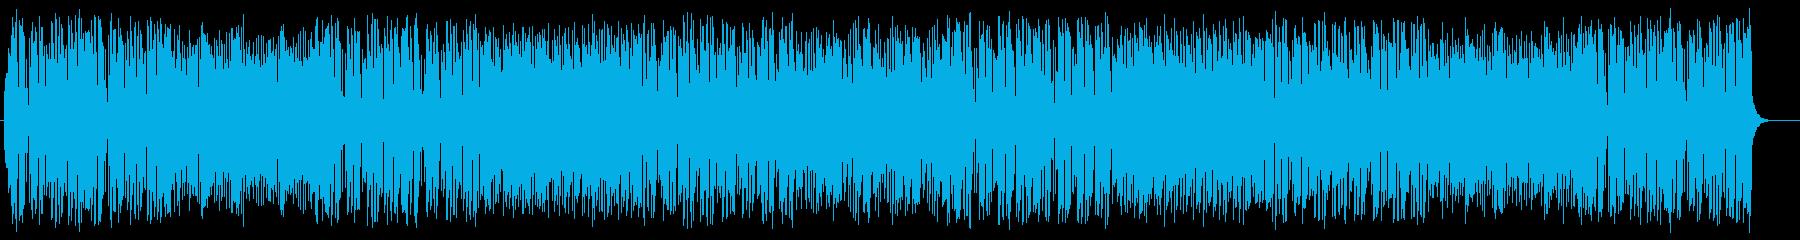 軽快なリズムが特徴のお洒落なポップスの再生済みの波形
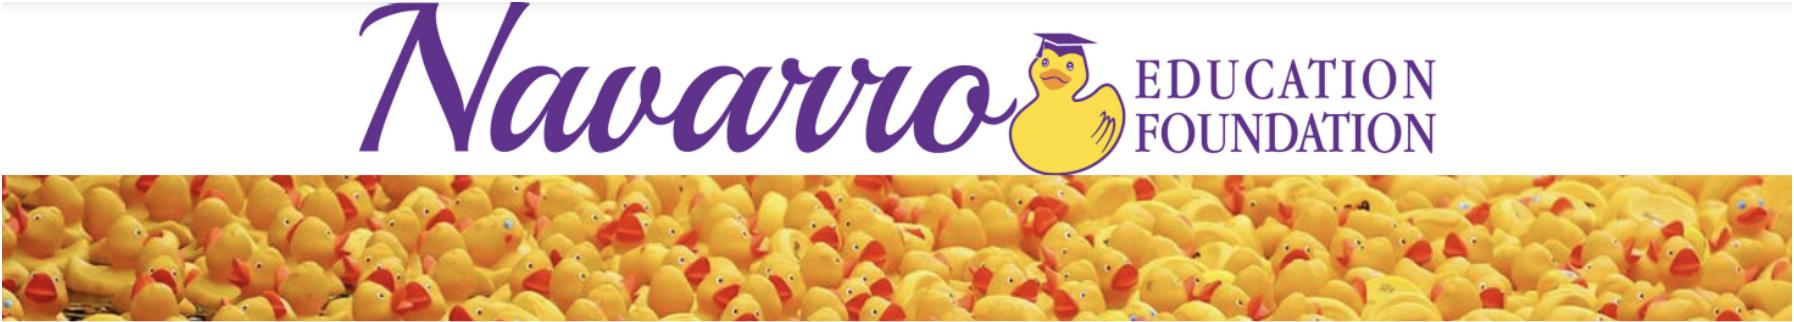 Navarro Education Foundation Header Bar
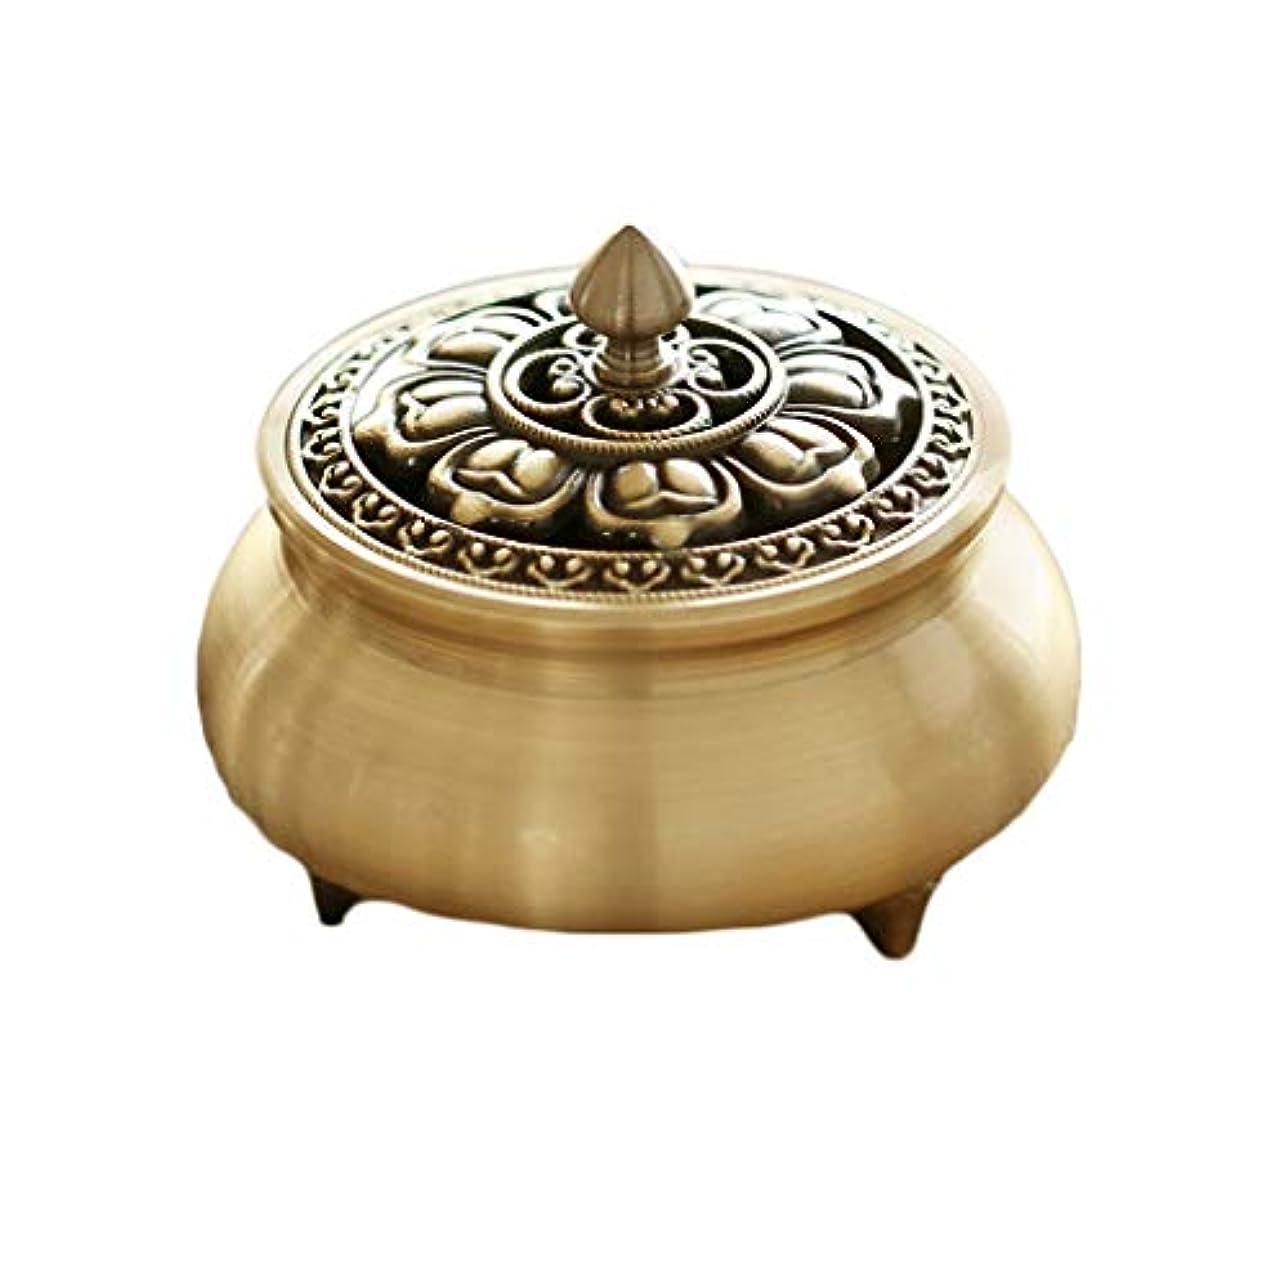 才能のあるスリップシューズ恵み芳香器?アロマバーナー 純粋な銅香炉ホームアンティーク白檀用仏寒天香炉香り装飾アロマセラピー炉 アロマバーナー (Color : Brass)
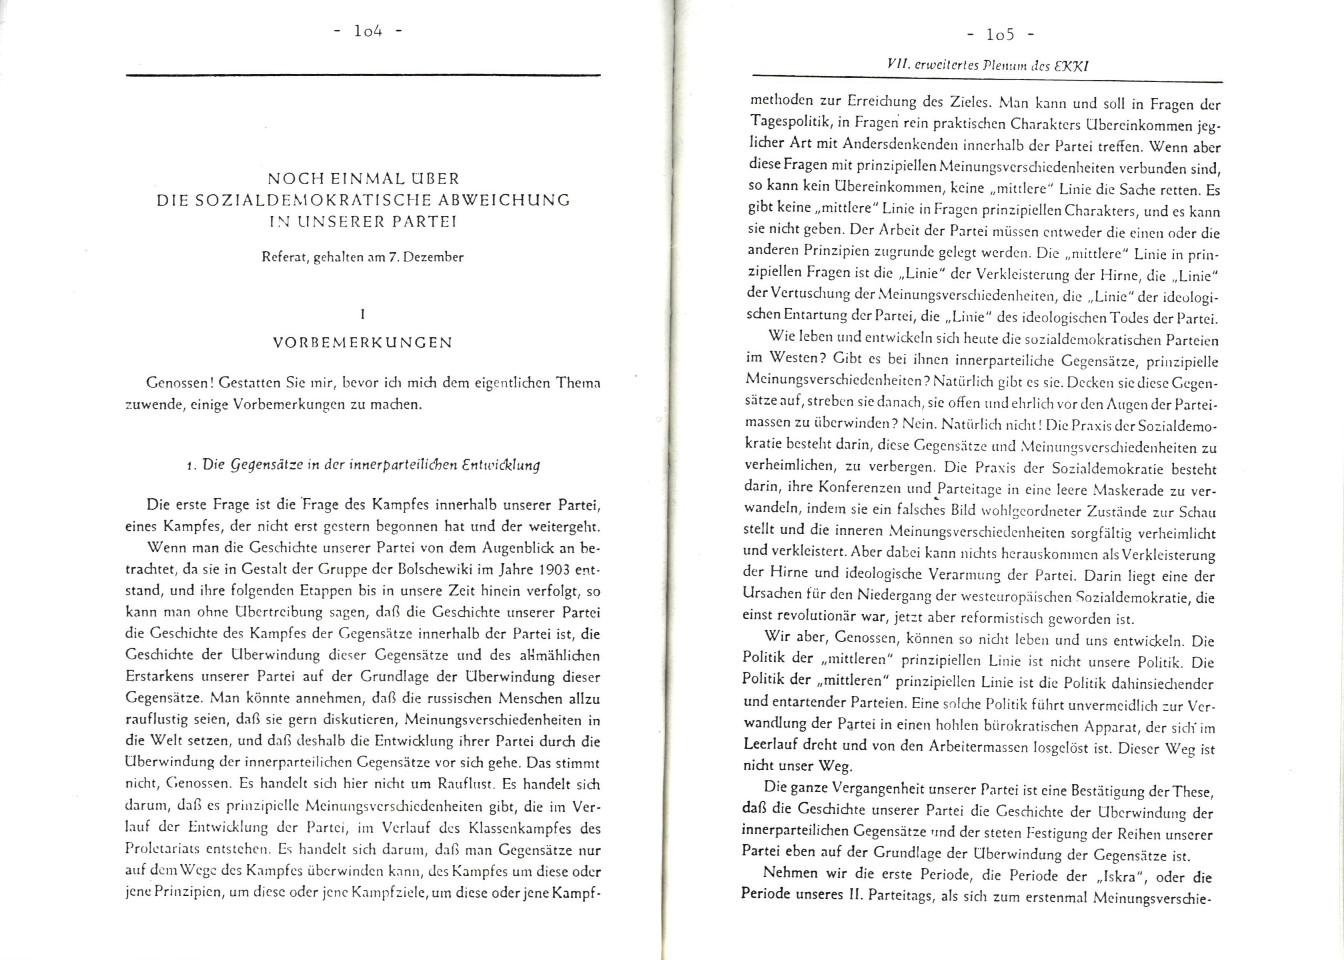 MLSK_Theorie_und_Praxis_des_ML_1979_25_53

● **WHAT THIS TASK INVOLVES**
All of the data above must be printed exactly, minus its pictures.

● **SOLUTION TO THE EXERCISE**
 軽快なリズムが特徴のお洒落なポップスの再生済みの波形
 Navarro Education Foundation Header Bar
 才能のあるスリップシューズ恵み芳香器?アロマバーナー 純粋な銅香炉ホームアンティーク白檀用仏寒天香炉香り装飾アロマセラピー炉 アロマバーナー (Color : Brass)
 MLSK_Theorie_und_Praxis_des_ML_1979_25_53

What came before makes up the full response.